I howl until there is nothing left inside me. Until my head buzzes and my muscles lose the last of their strength and I collapse onto the ground with my too-late salvation still strapped to my back and the red world goes black.

 

 

TWENTY-FIVE

 

ISRA

I am married. I wear a black dress and a black cap over my hair, breaking mourning tradition and wedding tradition, making it clear I consider the ceremony the blackest of rites. Bo holds my hand during our vows, but he doesn’t stay in the tower that first night, or the next, or any thereafter. I understand that he means to keep his promise not to be cruel, and am grateful for small favors.

 

I’m grateful for big ones, too. As the world beneath the dome begins to fade and falter, I know Bo is all that stands between me and death. He begs the advisors to give me more time to come to my senses.

 

I beg the desert to send Gem back to me before it’s too late.

 

Needle sneaks to the wall every night after returning my dinner tray.

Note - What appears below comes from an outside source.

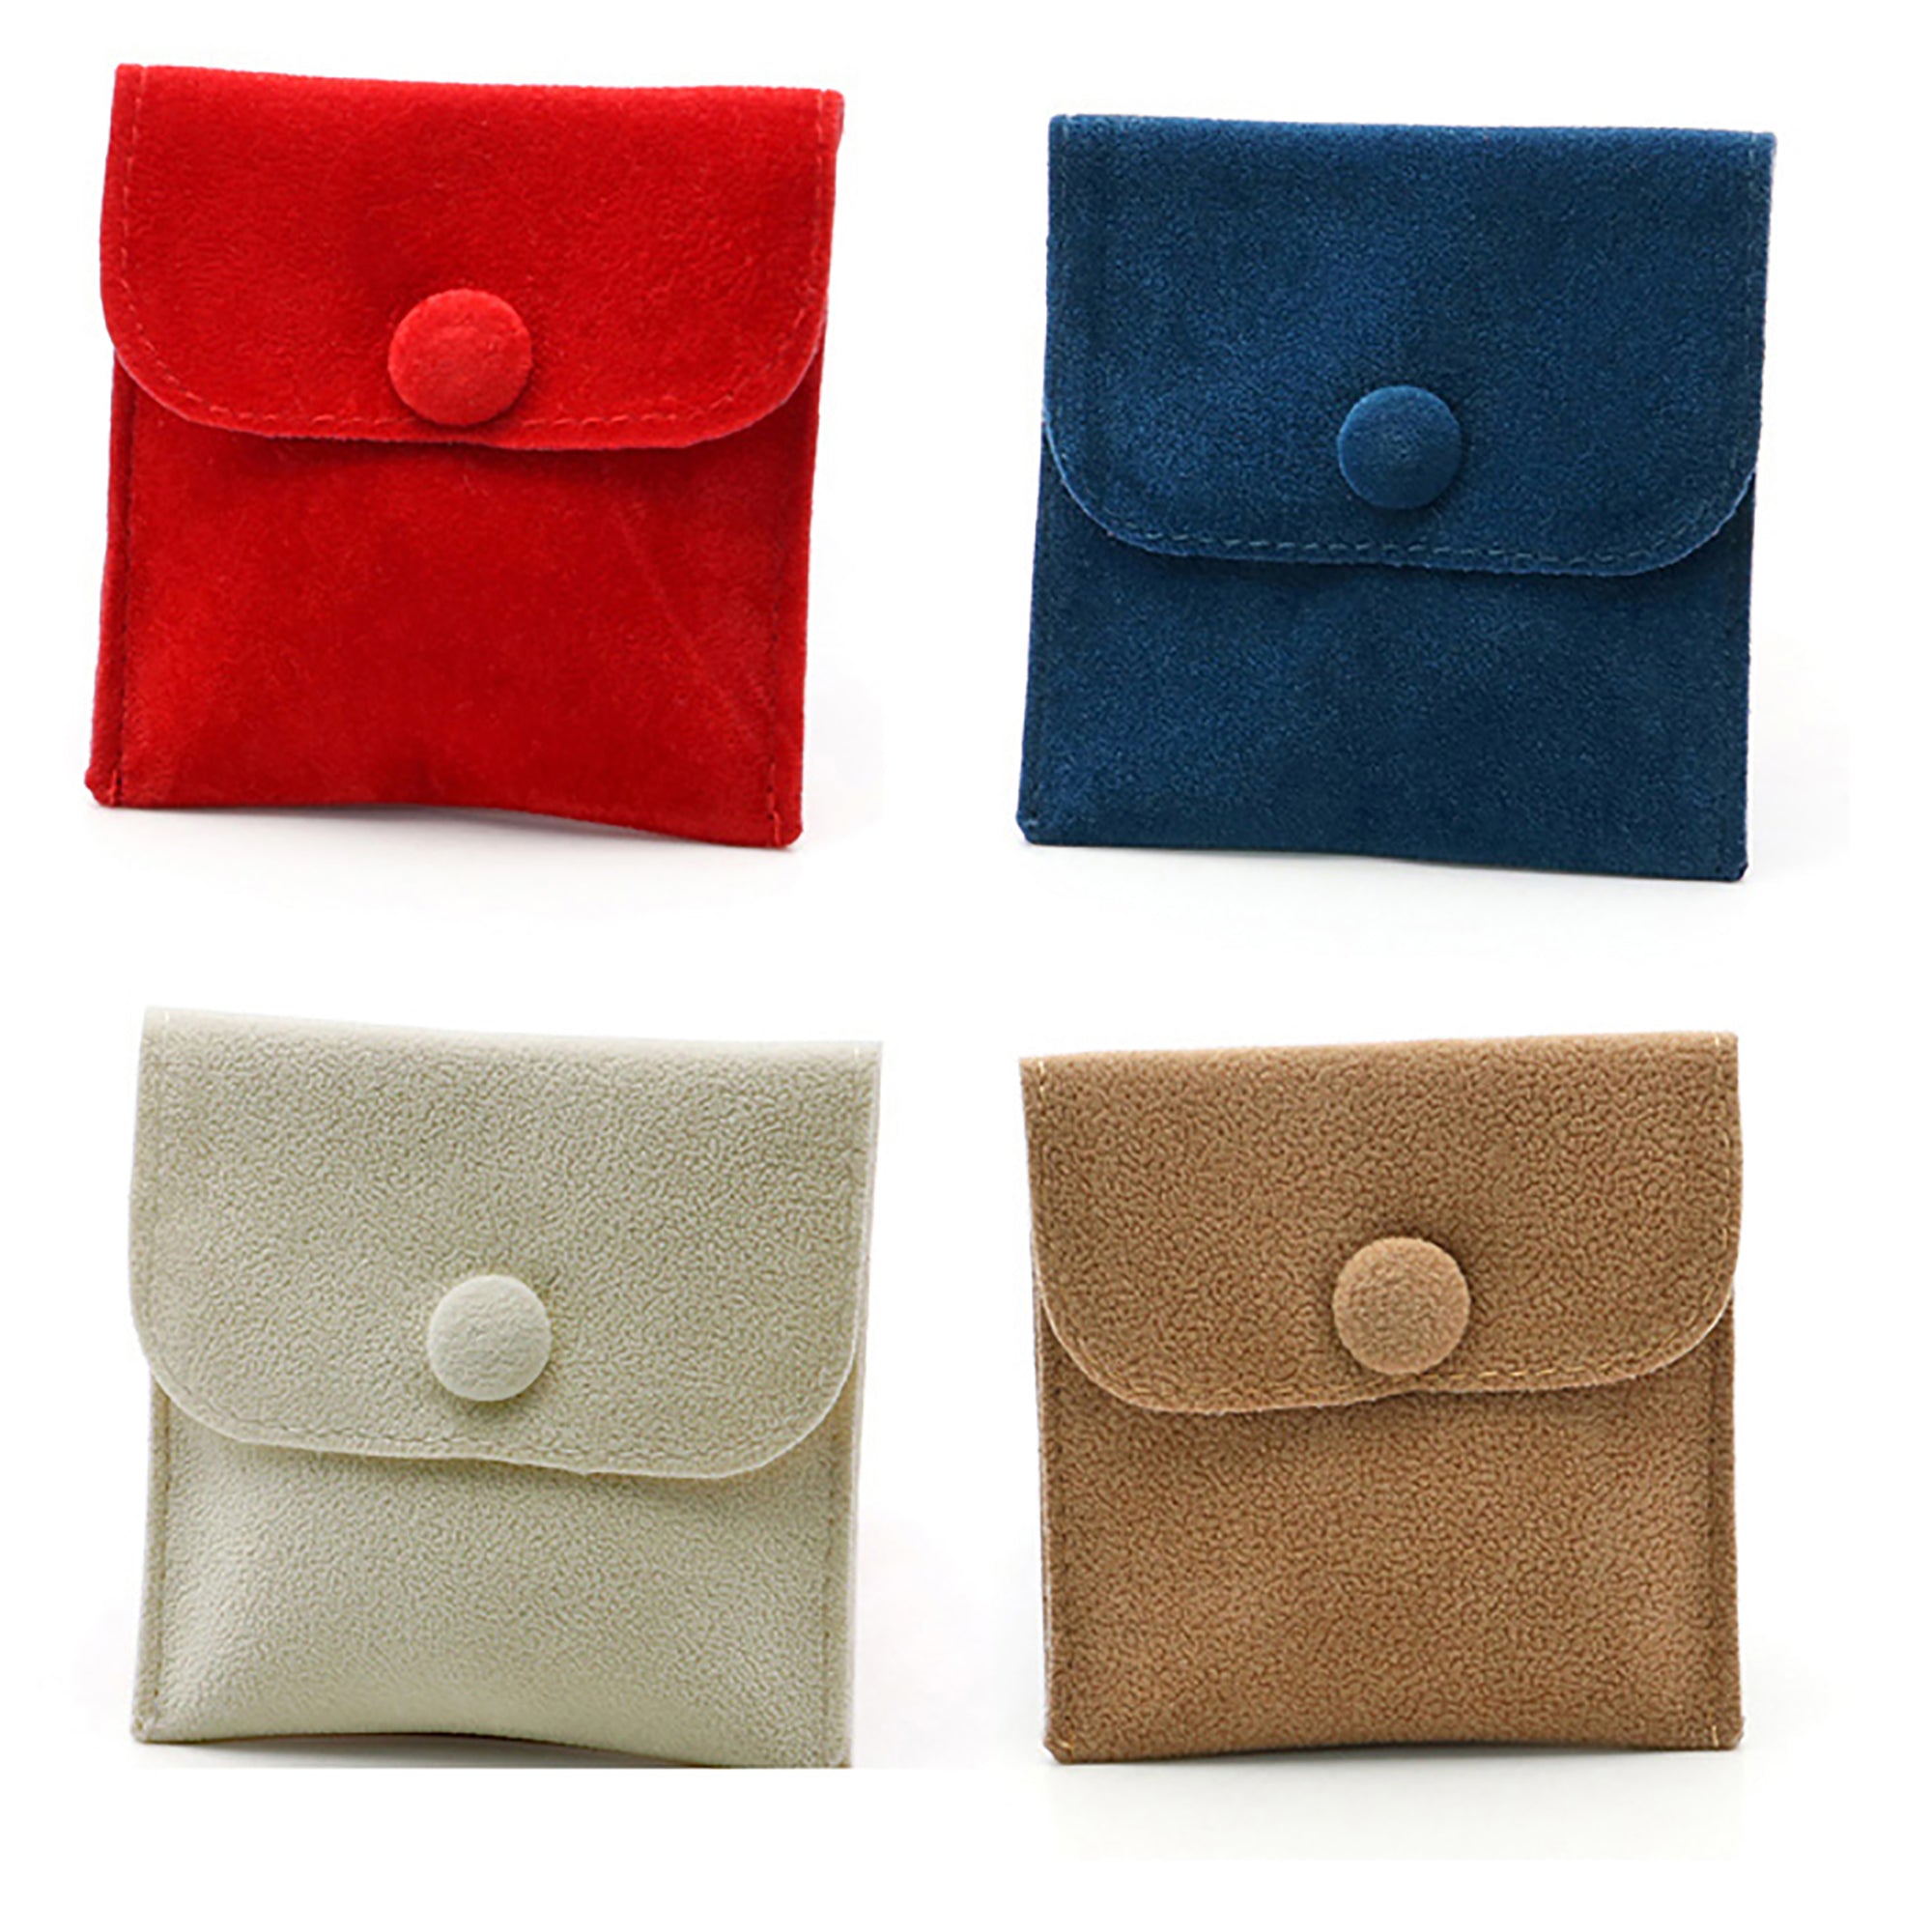 6 Colors Flannel Bag Jewelry Box Organizer Bags Set Vintage Gift Home Deco Decoration Design

She watches for a fire by the gathered stones, while I stand by the door, waiting for news of Gem, hoping so hard, it hurts.

 

I am always disappointed.

 

Winter ends and the days grow longer and warmer, but the crops refuse to grow. The cows cease giving milk, and—as our stores are used up and milk is replaced with water and wine—I learn what has caused the sad state of my skin. An allergy to the milk I’ve drunk every morning and been bathed in twice a day, every day, since Needle came to care for me. She blames herself for not realizing the milk and honey baths were hurting more than helping, but I assure her I’m not angry. I’m elated. Gem was right about that, too. I add it to my list of things to tell him, but weeks pass and

he doesn’t come, and things only get worse.

 

The chickens refuse to lay eggs, and half the livestock fall over dead in the fields. The orchard flowers rain to the ground, but no leaves or fruit grow in their place. Beneath Yuan, the underground river becomes a narrow stream. Water is rationed and the city’s worry becomes an ever-present, buzzing fear. I know what game the Dark Heart plays, but I refuse to panic. Gem will come. He will come and we will end this madness.